This paper proposes a novel multi-modal fake news detection method named TD-MMC, which effectively integrates multi-model data to generate more accurate, complementary, and comprehensive multi-model representations. The proposed model mainly consists of three modules: a multi-model feature extraction module, a multi-modal Feature Fusion module, and a classification module. First, the proposed model encodes the original text, image, and social graph network information. Then social network features are integrated into the text features representation to obtain enhanced text features as a supplement to the original text. To explore the features of text-image complementary, TD-MMC models the cross-modal attention mechanism to capture cross-fusion features of enhanced text and image features. It adopts the cosine similarity to obtain the text-image inconsistency features. Finally, fake news is classified by combining text enhancement features, text-image complementary features, and text-image inconsistency features. In addition, this paper establishes a new multi-model loss for training to improve the generalization ability of the model. Extensive experiments are conducted on real datasets. Compared with two baselines including single-modal and multi-model, the results show that TD-MMC is more effective than state-of-the-art baselines on PHEME and Weibo datasets, with accuracy improving by 2.39% and 2.27%, respectively. The results also indicate that TD-MMC can effectively reduce the fusion noise to improve its performance.

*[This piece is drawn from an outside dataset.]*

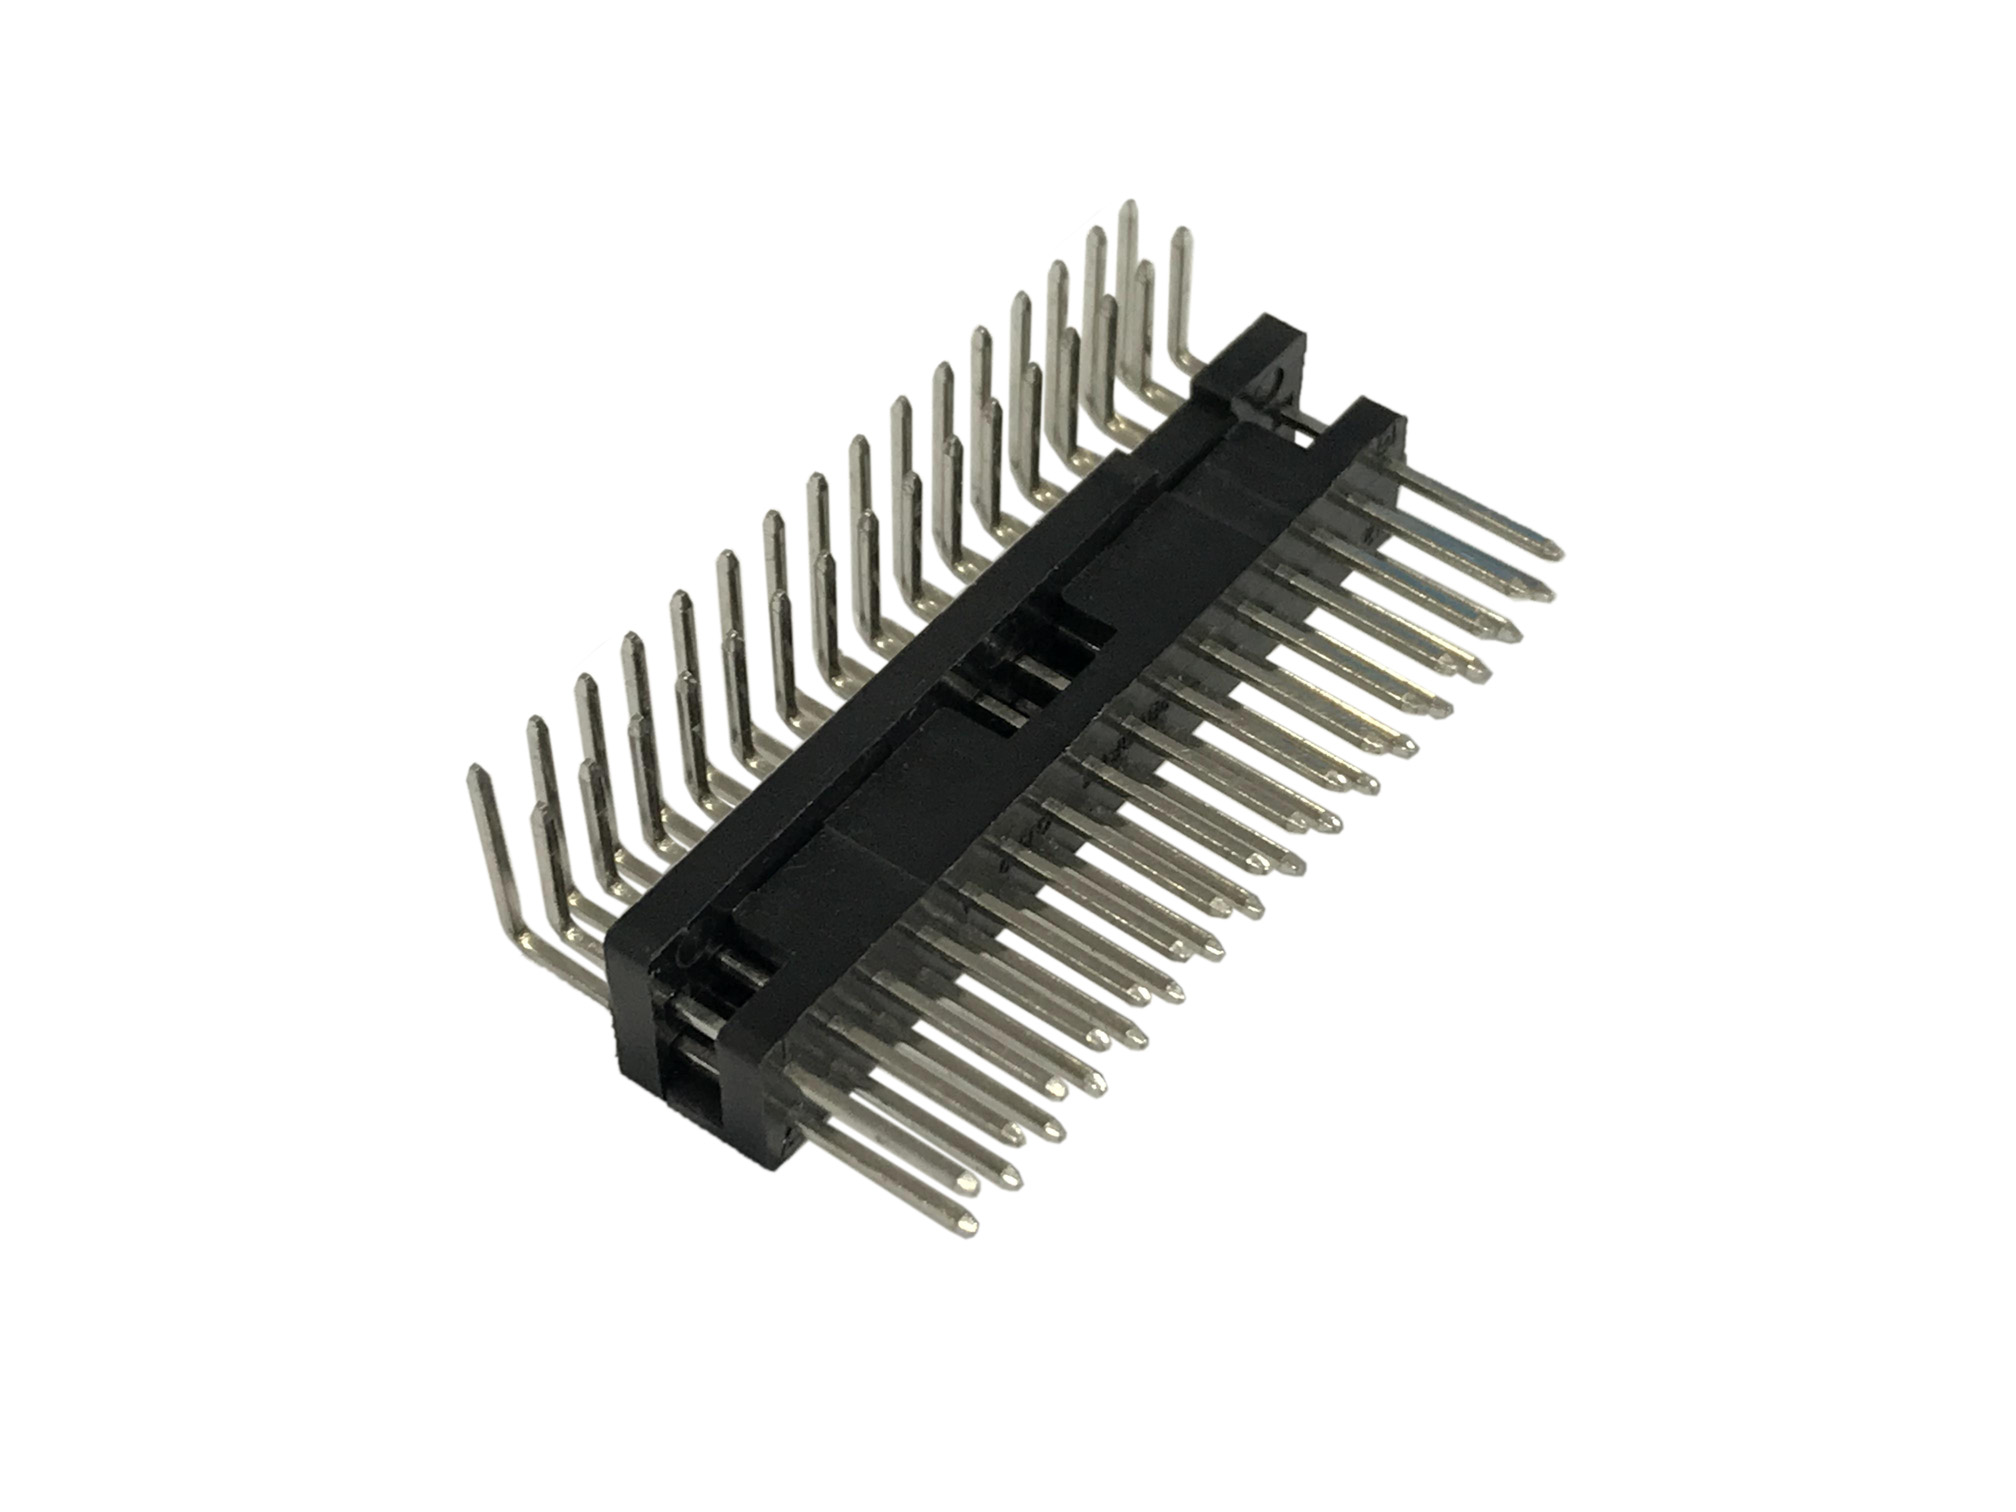 QJ569 32芯排针组合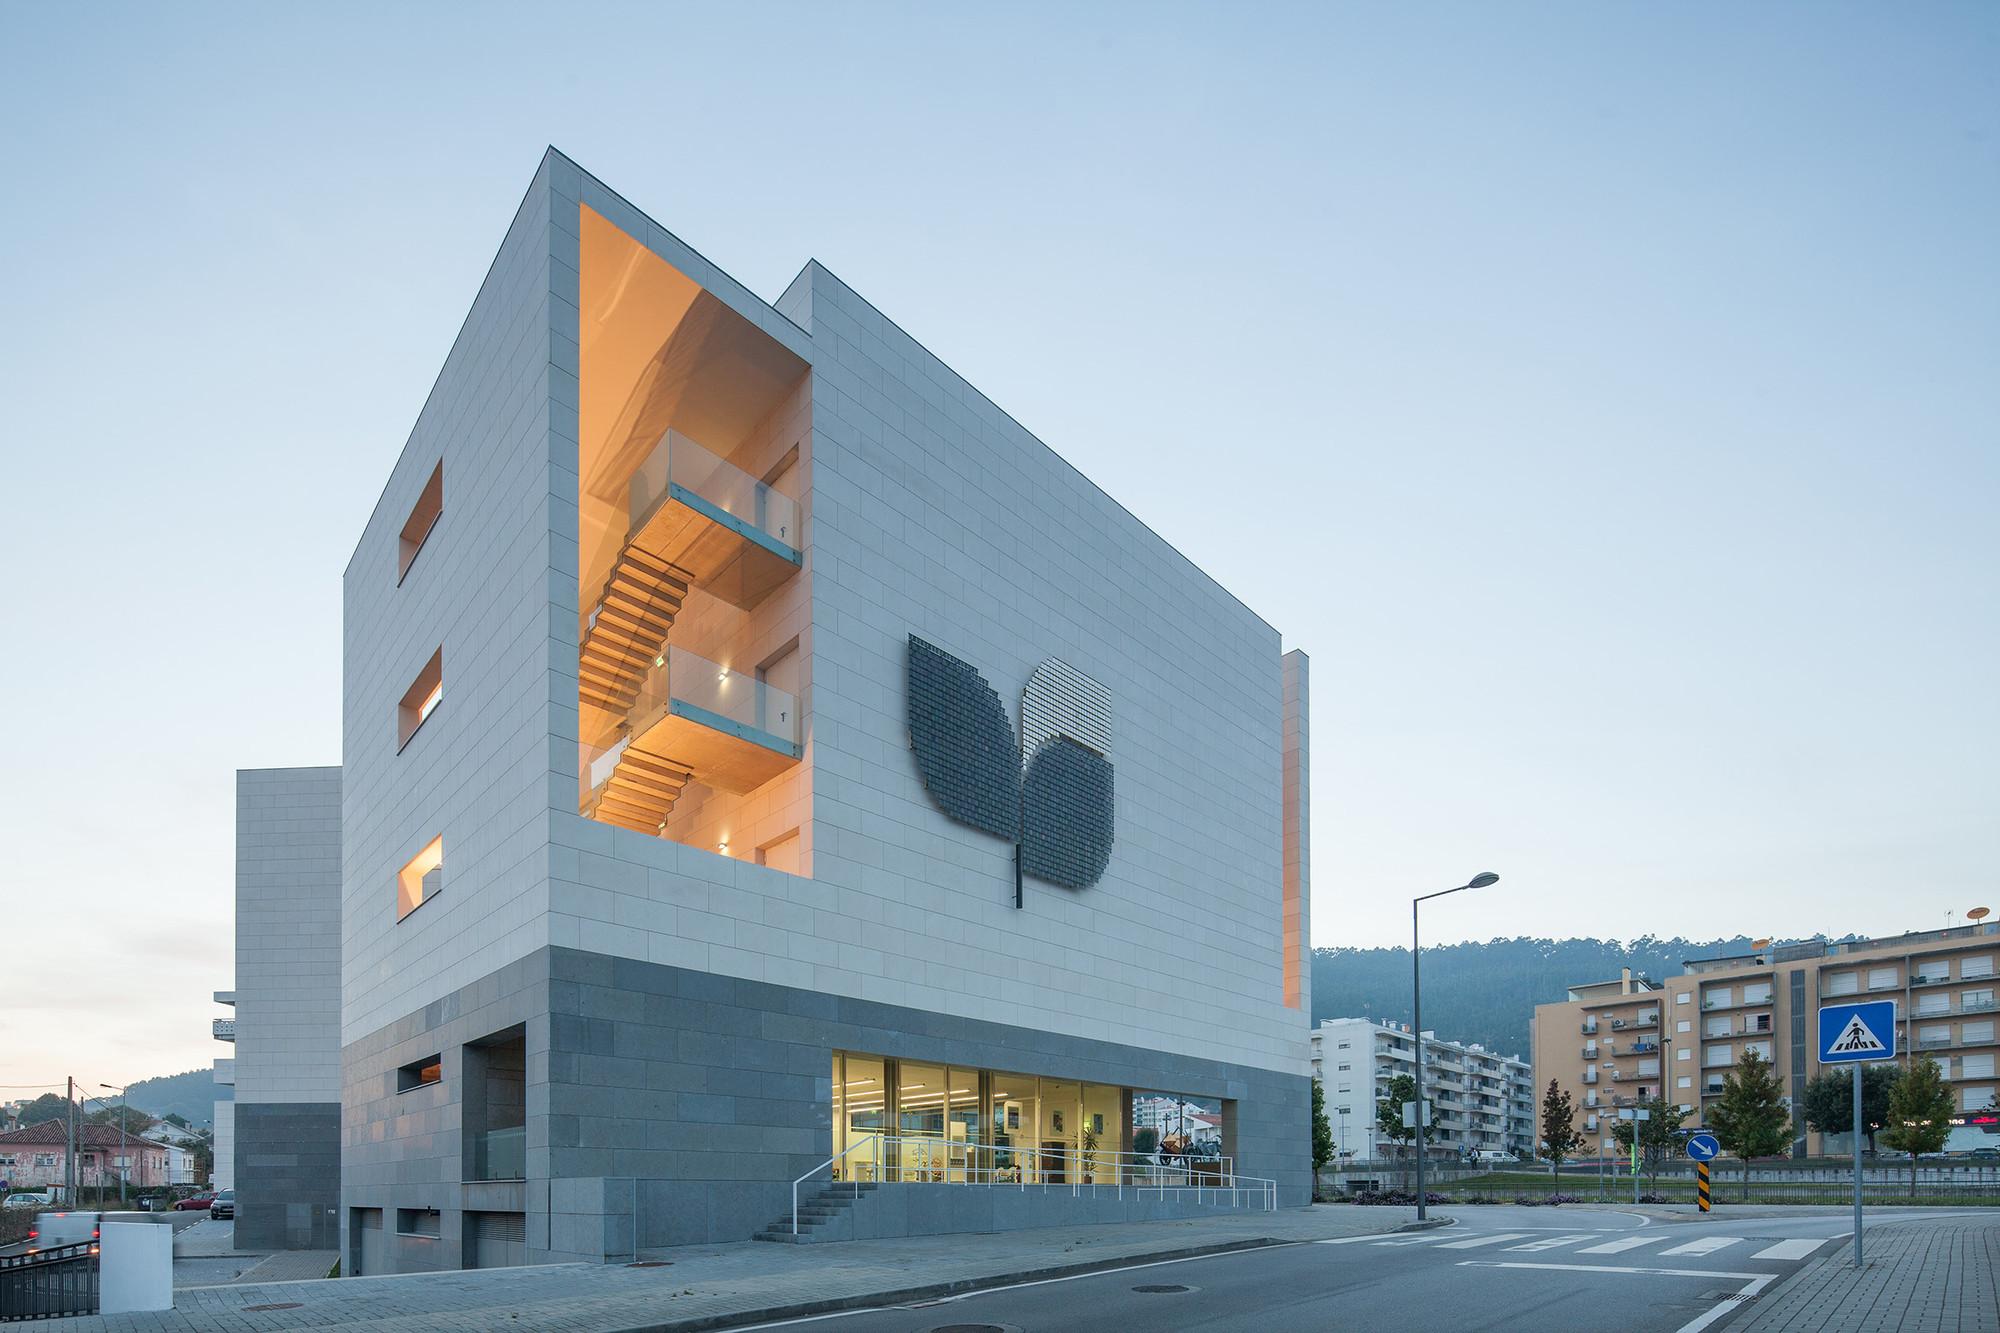 CA Crédito Agrícola / Marques Franco Arquitectos, © José Campos Architectural Photography

Critical analysis and discussion: Although achieving success, TD-MMC has some limitations. Firstly, TD-MMC only extracts the text, image, and social graphs feature. In reality, there may also be other models’ information such as video and audio. Secondly, the fusion technology of TD-MMC still has room for improvement. In future work, this paper will adopt a graph neural network to fuse more model information (text, image, video, audio, etc.), but also reduce the fusion noise. In addition, background knowledge from knowledge graphs can be considered integrated into multi-model fake news detection to improve model performance.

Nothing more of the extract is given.